- [What to produce] For this exercise, write out only the lines of the entries below from the one with "Inkwell in the" up to and including the one with "The item has", exactly as they are. Pictures stay out.

[[ Input material open ]]

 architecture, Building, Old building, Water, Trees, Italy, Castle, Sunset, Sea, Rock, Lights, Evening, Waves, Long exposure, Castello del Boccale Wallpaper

[[ Input material closed ]]
[[ Input material open ]]

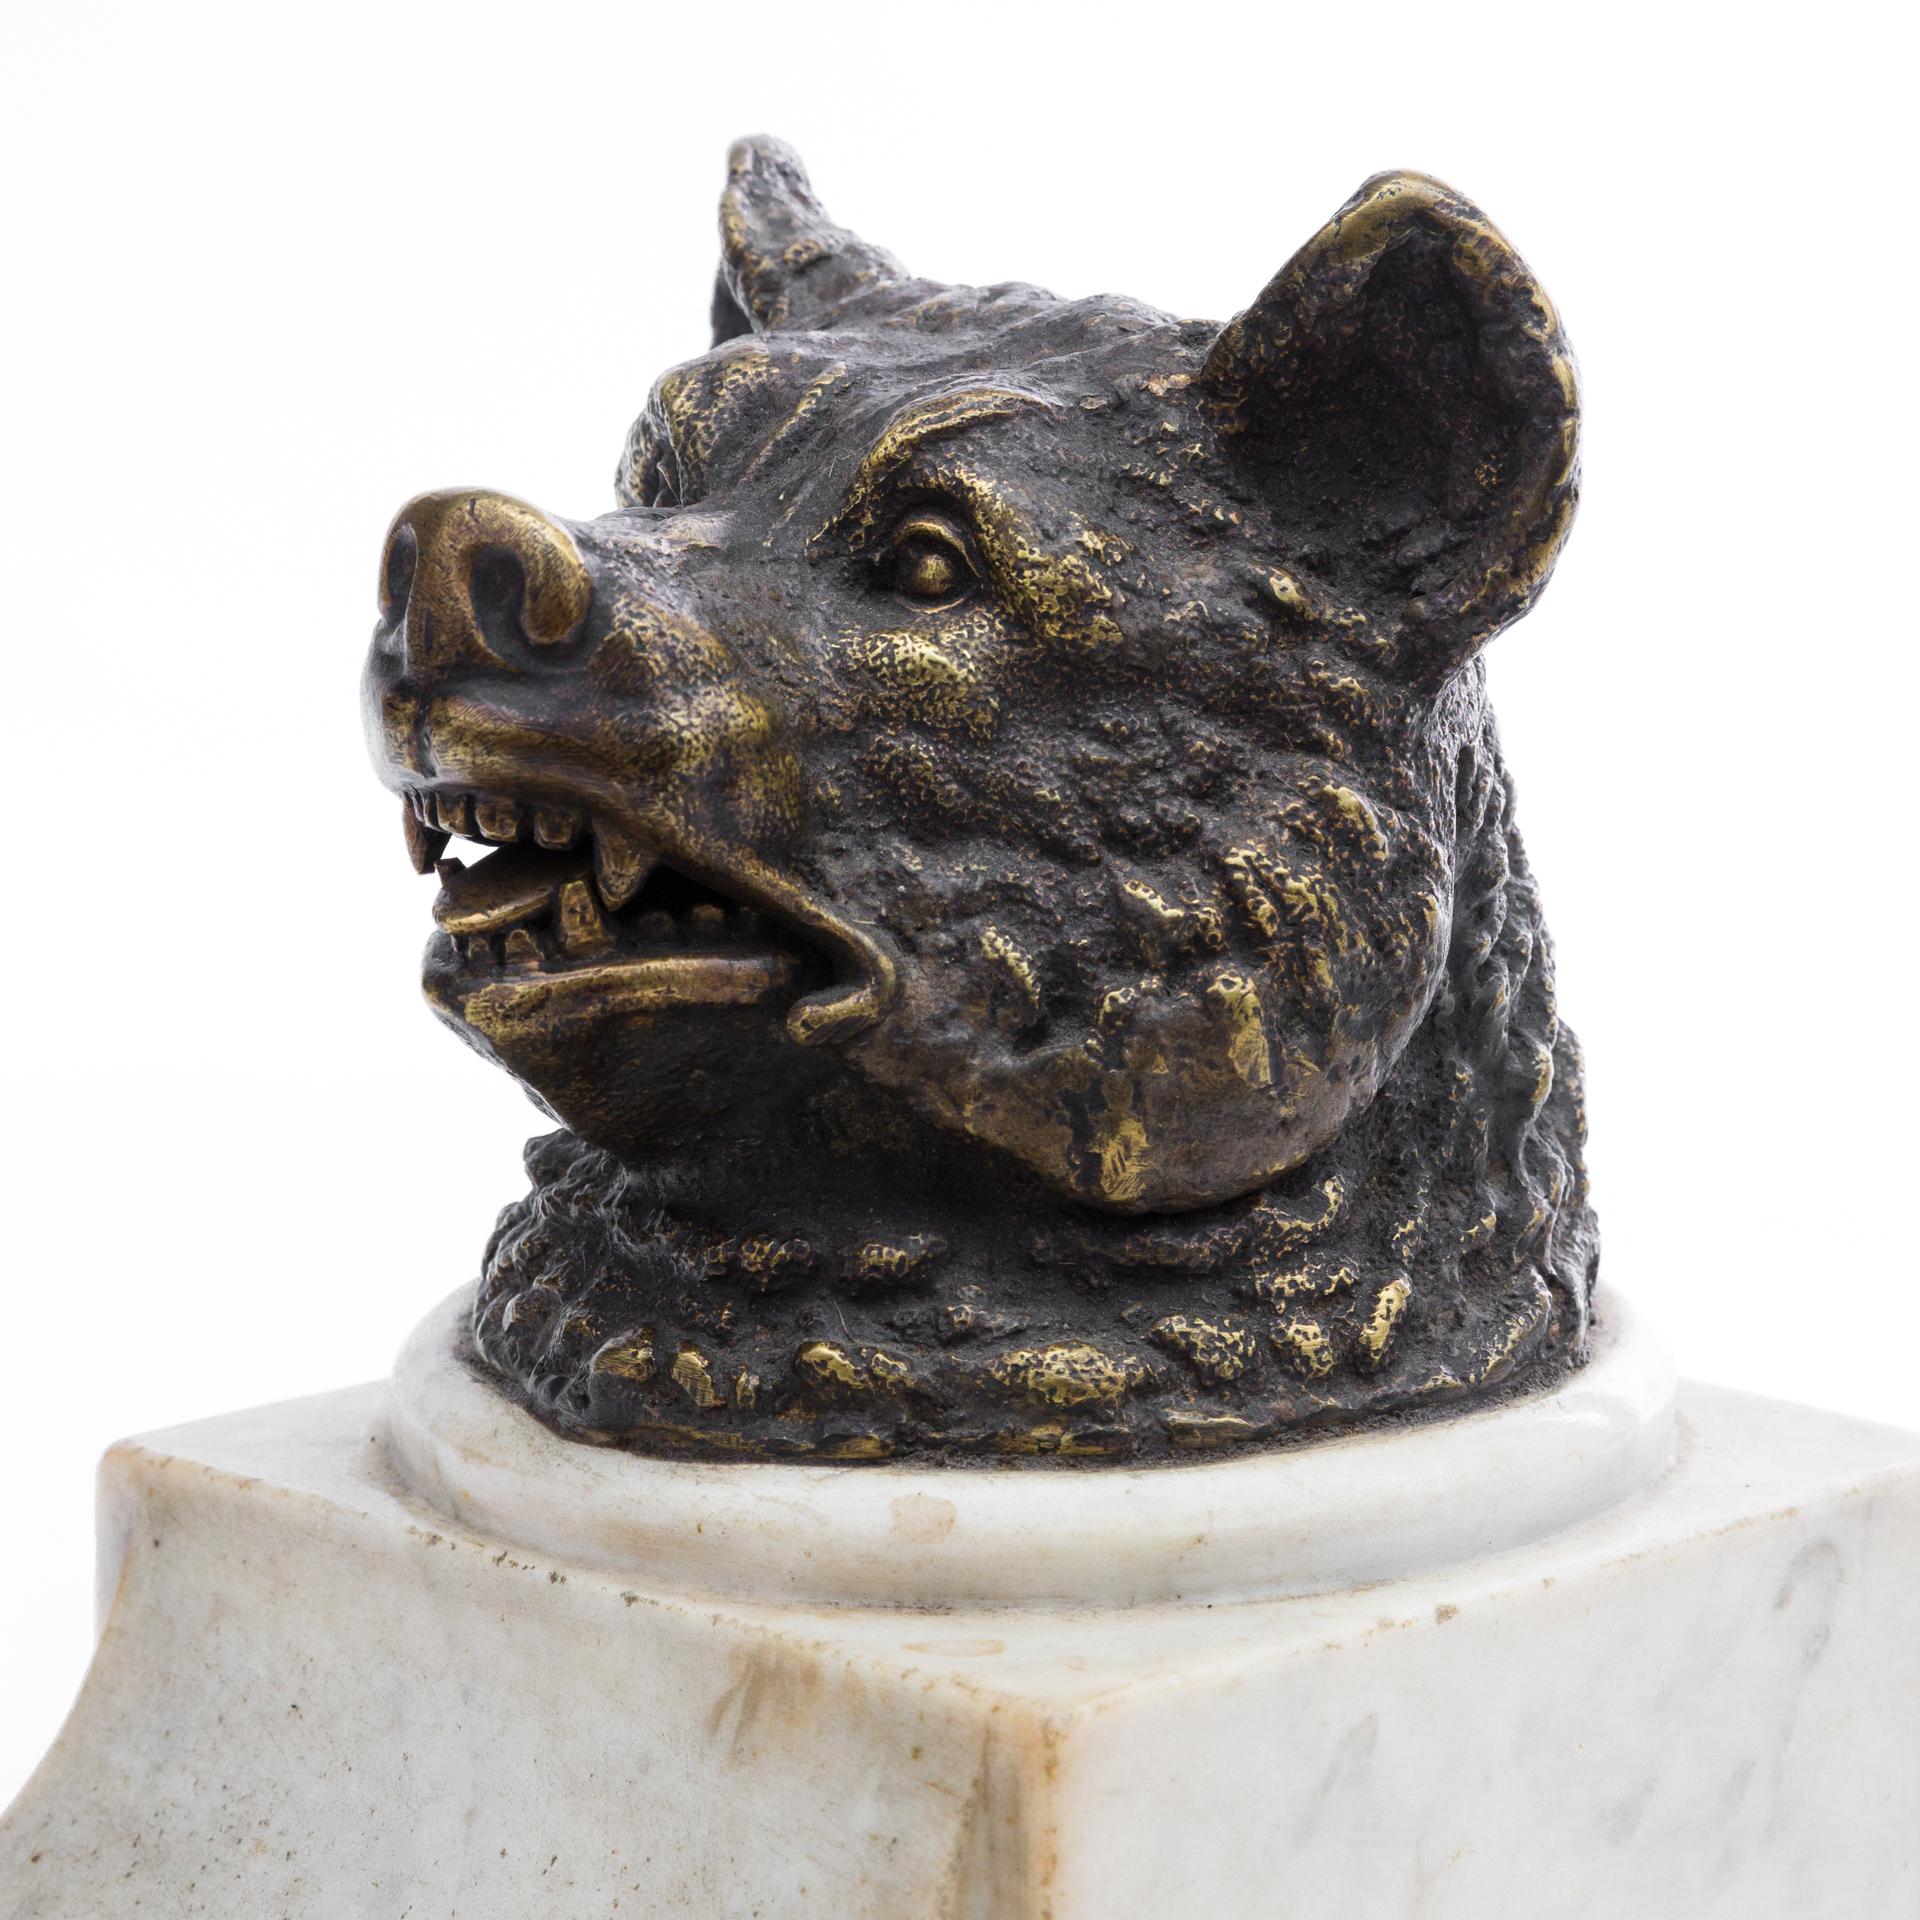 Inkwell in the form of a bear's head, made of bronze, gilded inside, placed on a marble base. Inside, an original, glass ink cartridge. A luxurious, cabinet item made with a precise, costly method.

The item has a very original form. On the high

[[ Input material closed ]]
[[ Input material open ]]

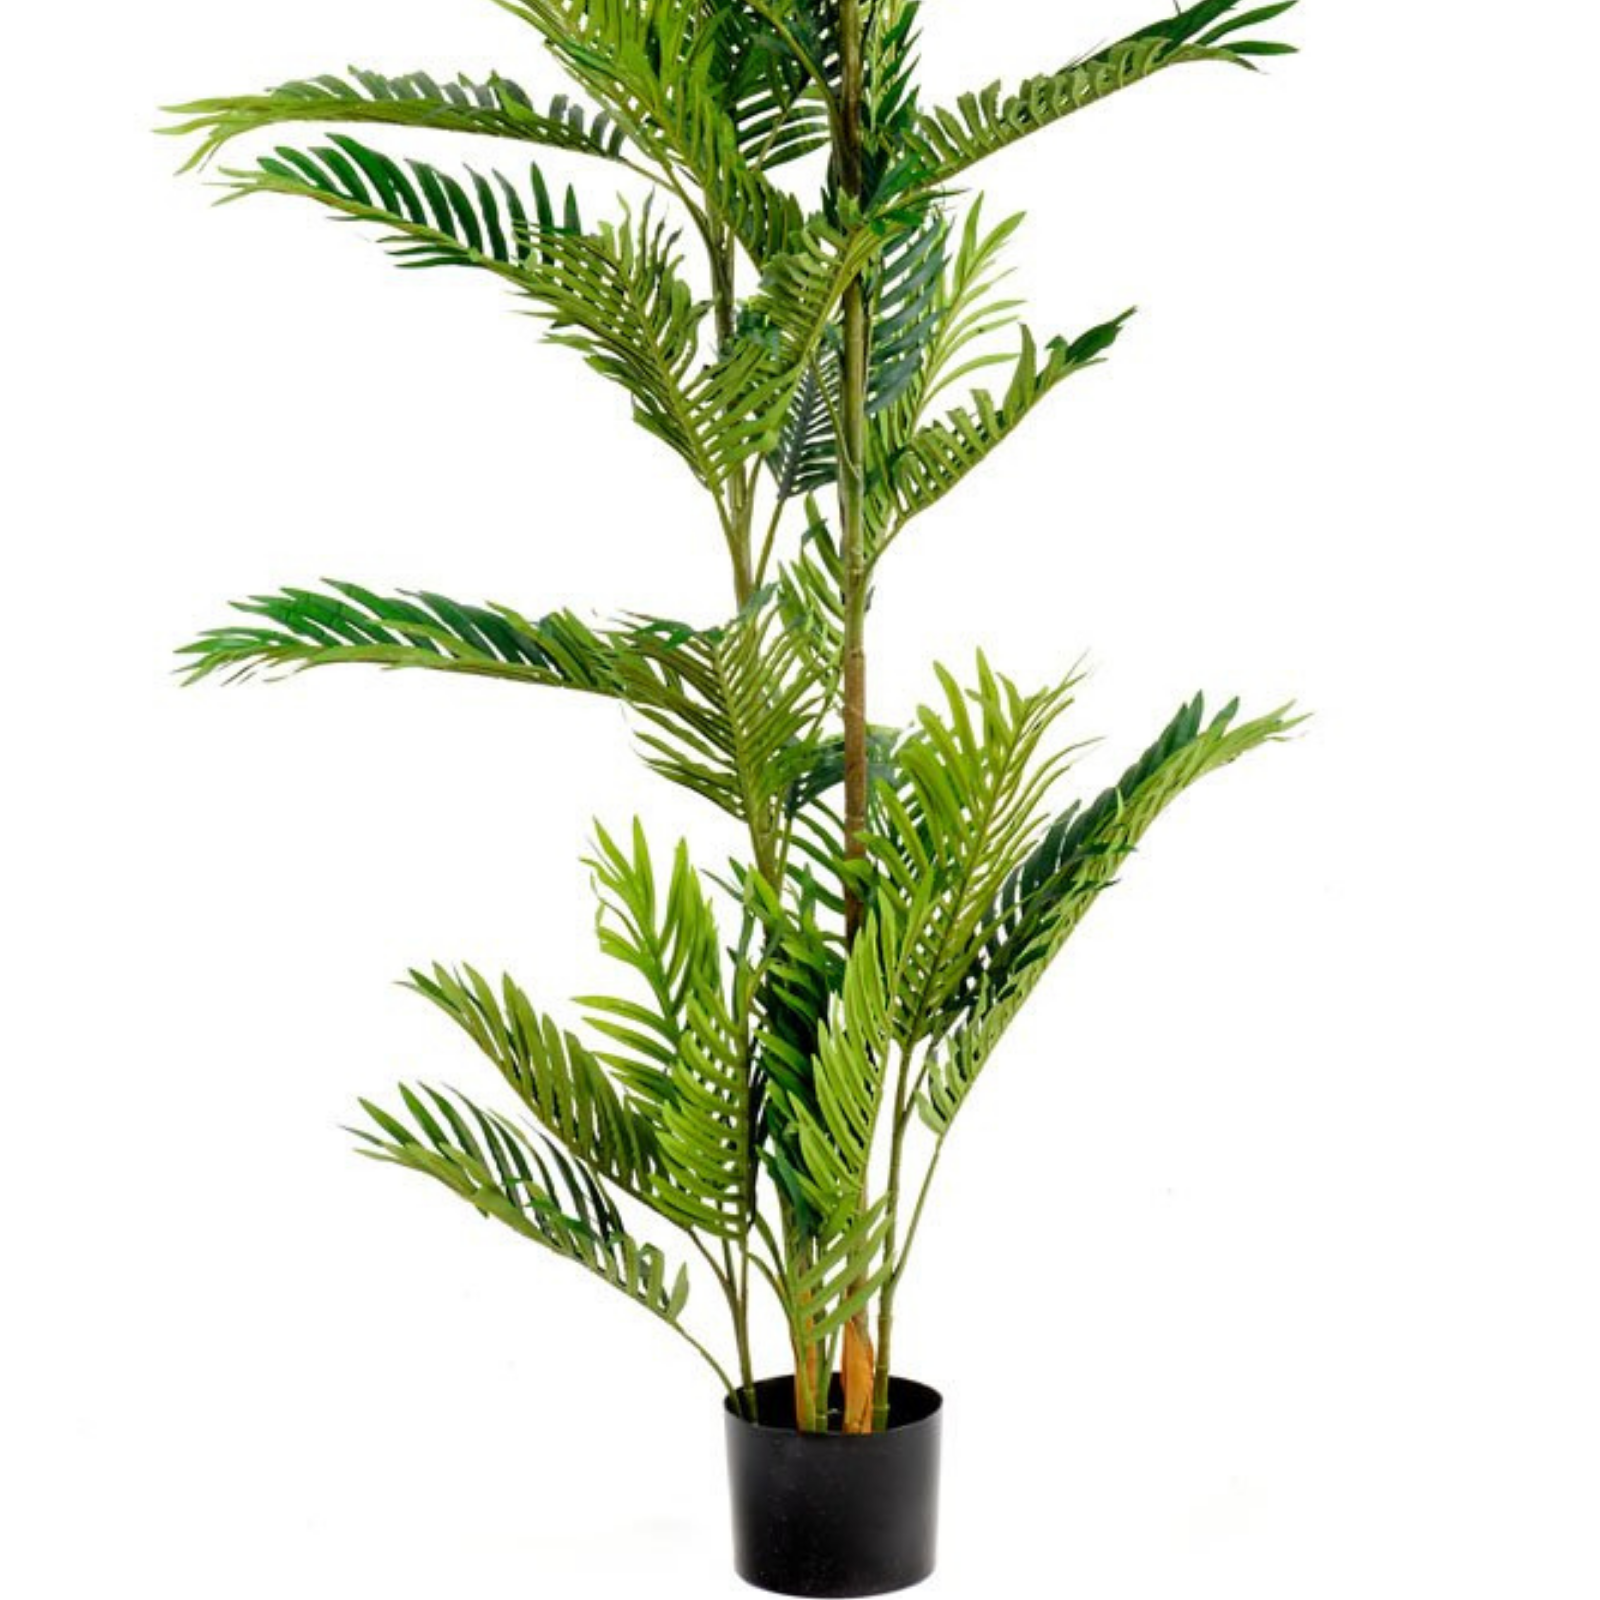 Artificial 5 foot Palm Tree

[[ Input material closed ]]

- [Solution to this task]
 Inkwell in the form of a bear's head, made of bronze, gilded inside, placed on a marble base. Inside, an original, glass ink cartridge. A luxurious, cabinet item made with a precise, costly method.

The item has a very original form. On the high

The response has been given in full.